You Might be a Redneck Jedi If…..
- You ever heard the phrase, “May the force be with ya’ll.”
- Your Jedi robe is camouflage.
- You have ever used your light saber to open a bottle of Bud Light.
- At least one wing of your X-Wings is primer colored.
- You can easily describe the taste of an Ewok.
- You have ever had a land-speeder up on blocks in your yard.
- The worst part of spending time on Dagobah is the dadgum skeeters.
- Wookies are offended by your B.O.
- You have ever used the Force to get yourself another beer so you didn’t have to wait for a commercial.
- You have ever used the Force in conjunction with fishing/bowling.
- Your father has ever said to you, “Shoot, son come on over to the dark side… it’ll be a hoot.”
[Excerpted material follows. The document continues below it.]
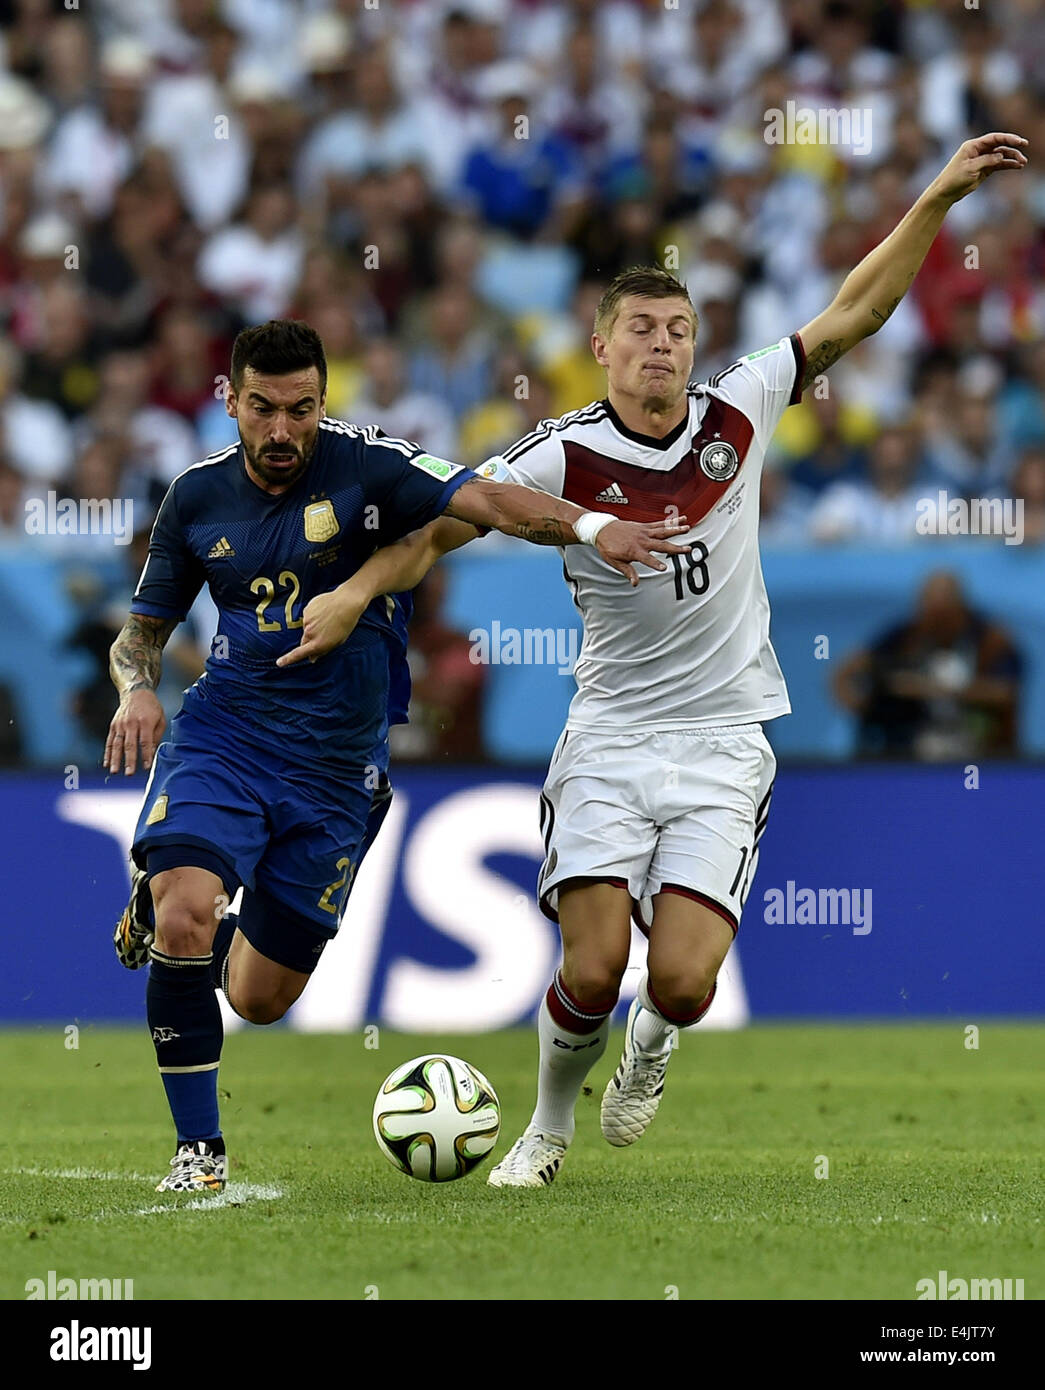 Rio De Janeiro, Brazil. 13th July, 2014. Germany's Toni Kroos (R) vies with Argentina's Ezequiel Lavezzi during the final match between Germany and Argentina of 2014 FIFA World Cup at the Estadio do Maracana Stadium in Rio de Janeiro, Brazil, on July 13, 2014. Credit:  Qi Heng/Xinhua/Alamy Live News Stock Photo

- You have ever had your R-2 unit use its self-defense electro-shock thingy to get the barbecue grill to light.
- You have a Confederate flag painted on the hood of your land-speeder.
- You have the doors of your X-wing welded shut and you have to get in through the window.
- Although you had to kill him, you kinda thought that Jabba the Hutt had a pretty good handle on how to treat his women.
- You have a cousin who bears a strong resemblance to Chewbacca.
- You suggested that they outfit the Millennium Falcon with a redwood deck.
- You were the only one drinking Jack Daniels during the cantina scene.
- Your business cards read “Billy Bob, Jedi Master”.
- Your Y-wing fighter has a bumper sticker that reads “My other fighter is an X-wing”.
- You know Ewoks squeal like pigs.
- You use your R-2 unit as a beer coaster.
- When your sister wears her metallic bikini, you insist she travels by clinging to you while swinging on a rope.
- Your land-speeder had a light saber rack.
- Your land-speeder has a bumper sticker that reads “Protected by Smith & Wesson Light Sabers”
- If you hear … “Billy Bob, I am your father … AND your uncle!”